Features shape (424, 512)
Step [0/24] Computing features...
Step [20/24] Computing features...
Features shape (755, 512)
Epoch [0/20] Loss: 2.8559039380492233 Accuracy: 0.31827090592334495
Epoch [1/20] Loss: 2.2186023011440184 Accuracy: 0.44272648083623695
Epoch [2/20] Loss: 1.9469848754929333 Accuracy: 0.5147539198606272
Epoch [3/20] Loss: 1.7538633637311982 Accuracy: 0.5644054878048781
Epoch [4/20] Loss: 1.6046792414130233 Accuracy: 0.5960365853658537
Epoch [5/20] Loss: 1.4843639338888772 Accuracy: 0.6288109756097561
Epoch [6/20] Loss: 1.384534775483899 Accuracy: 0.6517857142857143
Epoch [7/20] Loss: 1.2999341066290693 Accuracy: 0.6719838850174216
Epoch [8/20] Loss: 1.2270252595587474 Accuracy: 0.6968641114982579
Epoch [9/20] Loss: 1.1633222357528965 Accuracy: 0.7109647212543554
Epoch [10/20] Loss: 1.1070195051228129 Accuracy: 0.7251742160278746
Epoch [11/20] Loss: 1.0567693906586344 Accuracy: 0.7343205574912892
Epoch [12/20] Loss: 1.011542294810458 Accuracy: 0.7488022648083624
Epoch [13/20] Loss: 0.9705363526576902 Accuracy: 0.7609973867595818
Epoch [14/20] Loss: 0.9331168277961451 Accuracy: 0.7728114111498258
Epoch [15/20] Loss: 0.8987745599048894 Accuracy: 0.7861498257839721
Epoch [16/20] Loss: 0.8670963161602253 Accuracy: 0.7975827526132403
Epoch [17/20] Loss: 0.8377431303989596 Accuracy: 0.8067290940766549
Epoch [18/20] Loss: 0.8104344351989466 Accuracy: 0.8166376306620209
Epoch [19/20] Loss: 0.7849359272456751 Accuracy: 0.8215918989547037
[FINAL] Loss: 0.8388224414416722 Accuracy: 0.7901785714285714
train_losses: [2.8559039380492233, 2.2186023011440184, 1.9469848754929333, 1.7538633637311982, 1.6046792414130233, 1.4843639338888772, 1.384534775483899, 1.2999341066290693, 1.2270252595587474, 1.1633222357528965, 1.1070195051228129, 1.0567693906586344, 1.011542294810458, 0.9705363526576902, 0.9331168277961451, 0.8987745599048894, 0.8670963161602253, 0.8377431303989596, 0.8104344351989466, 0.7849359272456751]
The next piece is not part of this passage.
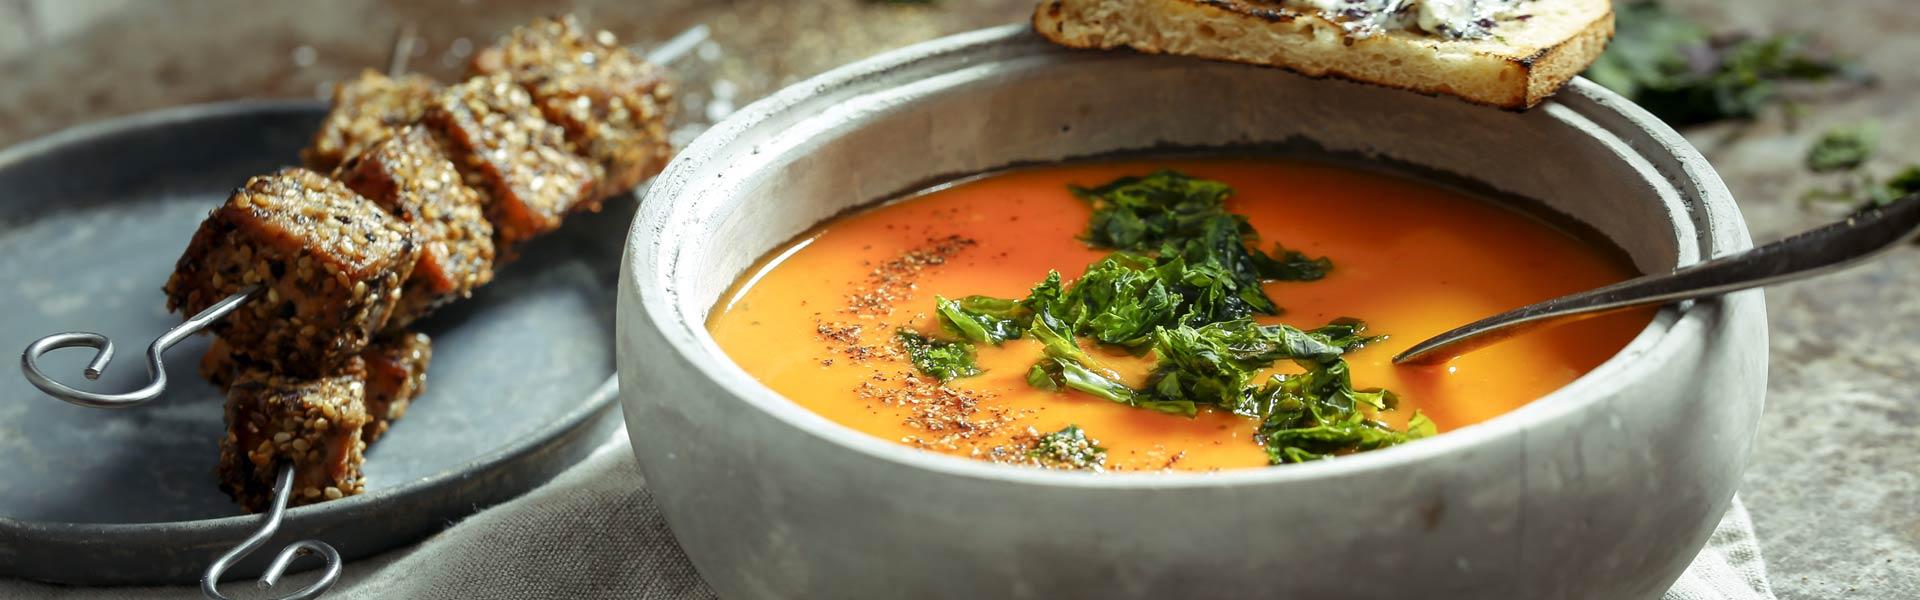 Meeresalgen Rezept Suppe

train_accuracies: [0.31827090592334495, 0.44272648083623695, 0.5147539198606272, 0.5644054878048781, 0.5960365853658537, 0.6288109756097561, 0.6517857142857143, 0.6719838850174216, 0.6968641114982579, 0.7109647212543554, 0.7251742160278746, 0.7343205574912892, 0.7488022648083624, 0.7609973867595818, 0.7728114111498258, 0.7861498257839721, 0.7975827526132403, 0.8067290940766549, 0.8166376306620209, 0.8215918989547037]
validation_losses: [2.3186200310786567, 1.9824271748463314, 1.767082115014394, 1.608788972099622, 1.4853242685397465, 1.3852847069501877, 1.3018858631451924, 1.2308073391517003, 1.1691753566265106, 1.1150002429882686, 1.0668518890937169, 1.023668922483921, 0.9846422597765923, 0.9491409758726755, 0.9166637137532234, 0.8868054648240408, 0.8592347676555315, 0.8336770633856455, 0.8099027300874392, 0.7877178688844045]
validation_accuracies: [0.3907620614035088, 0.49280427631578944, 0.5648985745614036, 0.6035498903508772, 0.6269873903508772, 0.6517269736842105, 0.6764665570175438, 0.7003837719298246, 0.7108004385964913, 0.7273163377192983, 0.7468475877192983, 0.7585663377192983, 0.7663788377192983, 0.7789884868421053, 0.7881030701754387, 0.7946134868421053, 0.7998218201754387, 0.8085252192982456, 0.8150356359649122, 0.8150356359649122]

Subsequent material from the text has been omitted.